Reference: https://mobile.twitter.com/mlpowered/status/1194788560357842944

  • A bit more frustrated, the reason I know about OpenVINO is that in the process of implementing some projects at the company, it is required to annotate quite specific data types such as photos, videos. After the process of searching and selecting some tool annotate, it found that cvat quite suitable for the needs of the project. One thing that I find quite impressive of CVAT is that there is an auto annotate mode that uses OpenVINO to significantly improve the speed inference time of a pretrained model. Therefore, with a video of several dozen minutes, Cvat (+ OpennVINO) only takes less than 1 minute to process that video.
  • Advertising corner, some good and cool features of CVAT – annotate platform:
    • Free, OSS, web-based annotation platform for computer vision task
    • Main repo of OpenCV Oganization
    • Simple interface, easy to use
    • REST API document, suitable for customizing the CVAT itself to serve different data annotate purposes.
    • Many annotate modes for different problems: Annotate mode (image classification), Interpolation mode (auto annotate mode) and Segmentation mode (auto segmentation mode)
    • Support various annotate formats: bbox (object detection), polygon (segmentation), polyline, point, auto segment.
    • Support export to many formats: CVAT format, Pascal VOC, YOLO, COCO json (object detection + segmentation), PNG Mask (segmentation), TFRecord (tensorflow object detection API)
    • Support auto-annotate mode for object detection uses the pretrained models of TF Model Zoo and OpenVINO.
    • Support auto-semi-segmentation with: https://www.youtube.com/watch?v=vnqXZ-Z-VTQ
    • Because it is an OSS, it is completely customizable with specific purposes and use-cases. The core backend of CVAT is written in Django (Python). A good example is Onepanel also custom and integrated into their system: https://www.onepanel.io/
  • So what is OpenVINO, and what does it mean to be a practical model of the system, let’s find out more. ?

OpenVINO ?!

  • OpenVINO toolkit, built and developed by Intel, was created to optimize the performance of the model on Intel’s own processors, improve inference time when deploying deploy models on many other platforms. (CPU / GPU / VPU / FPGA).

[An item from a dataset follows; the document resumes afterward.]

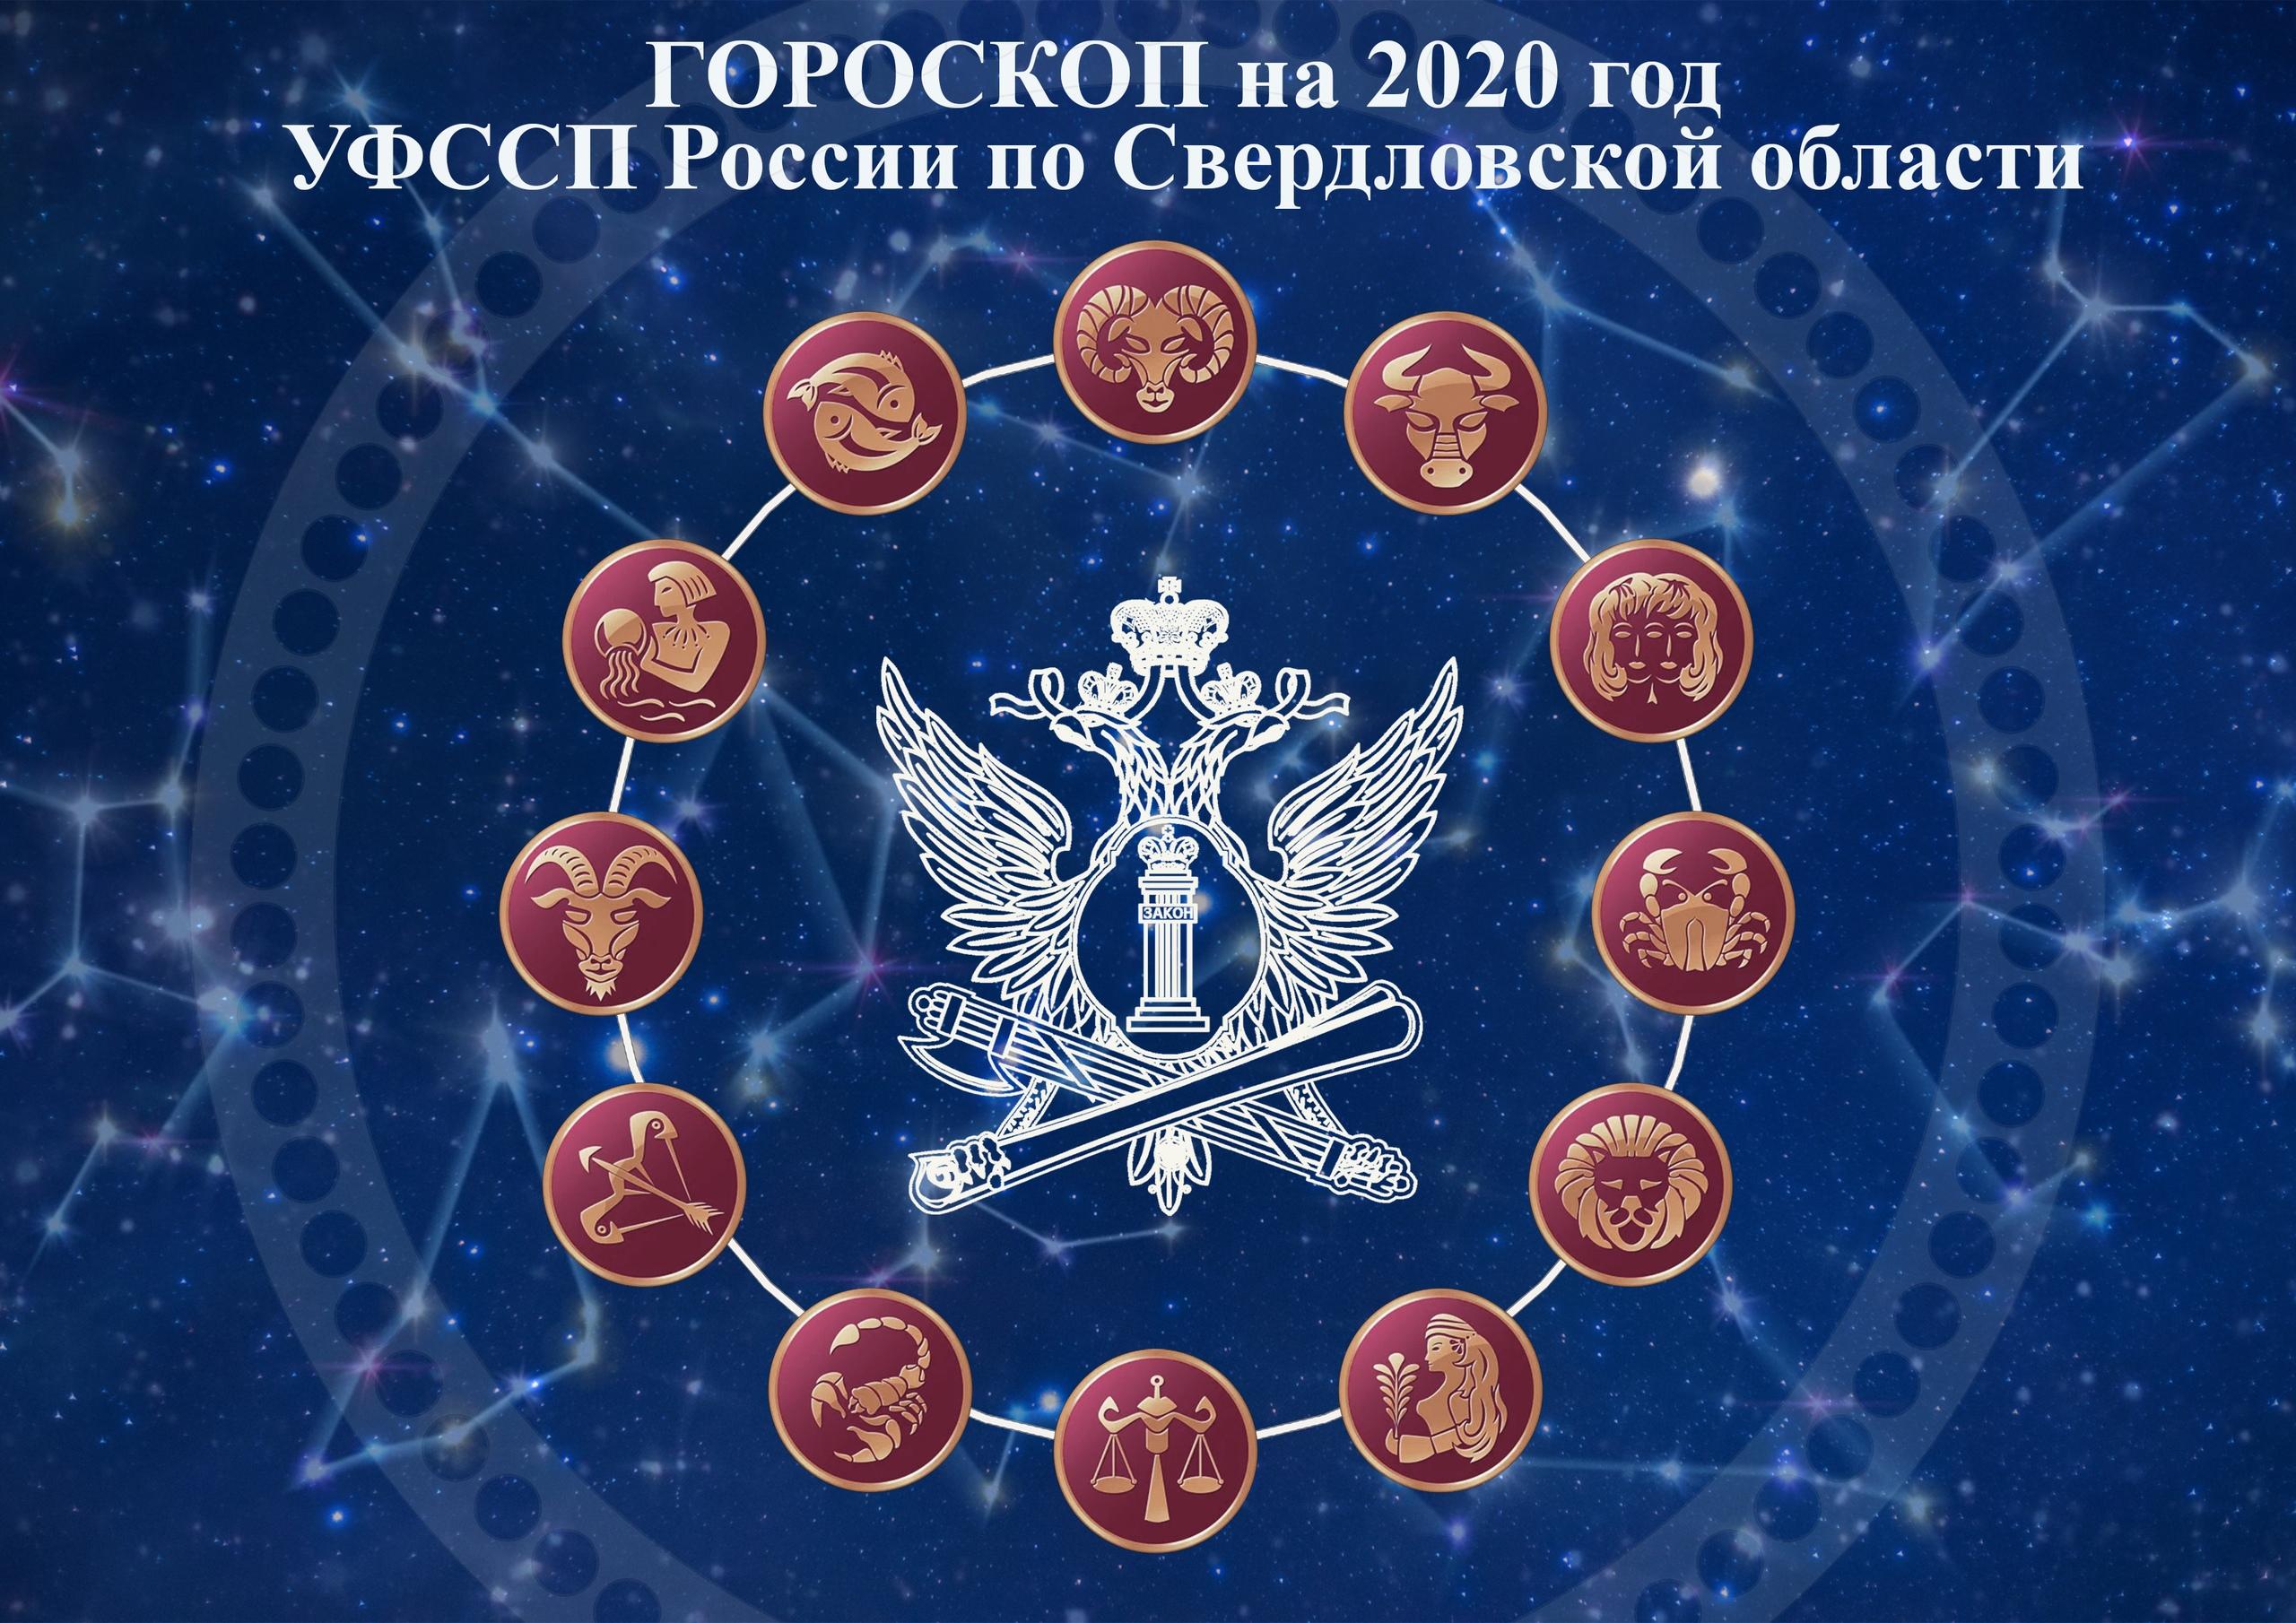 Новогодний гороскоп от судебных приставов

OpenVINO provides developers with improved neural network performance on a variety of Intel® processors and helps them further unlock cost-effective, real-time vision applications

  • OpenVINO stands for Open Visual Inference and Neural network Optimization toolkit . As you can see by the name, it is also possible to predict that OpenVINO was developed with the purpose of improving the model’s Inference ability, especially related to Visual and computer vision problems such as Image Classification, Object Detection, Object Tracking, …
  • Some noteworthy points of OpenVINO toolkit:
    • Improve performance, ability to inference time of the model
    • Because of Intel’s development, multi-platform support varies from CPU / GPU to embedded devices, such as edge devices such as VPU (Vision Processing Unit), Myriad, Modivius, or FPGA, etc.
    • Using the same API for inference, you only need to change the input mode to use IR (Intermediate Representation of OpenVINO) formats on different platforms.
    • Providing a lot of optimized models, the conversion to IR intermediate format of OpenVINO is also quite easy to implement.
    • Support calling IR format files (OpenVINO) with popular libraries of image processing / computer vision such as: OpenCV and OpenVX
    • Including 2 main parts:

Basic Inference Workflow

  • We need to convert the pretrained model to the IR format or the Intermediated Representation of OpenVINO. IR format includes several files as follows:
    • frozen – *. xml: network topology , is an xml file that defines the model layer, or network graph.
    • frozen – *. bin: contains the weights and biases binary data , the model’s weighted file, can be converted in formats: FP32, FP16, INT8
  • OpenVINO also supports converting to IR format for most popular frameworks such as:
    • Caffe
    • Tensorflow
    • MXNet
    • Kaldi
    • ONNX
    • [Keras / Pytorch]
  • In addition, some other frameworks such as Keras and Pytorch do not support direct conversion from pretrained models, but they can be through other intermediate formats:

  • 1 processing flow with OpenVINO is depicted in the image above.

Model Optimization

  • OpenVINO supports converting to IR format with formats FP32, FP16, INT8, which is also a form of model quantization (or model quantization)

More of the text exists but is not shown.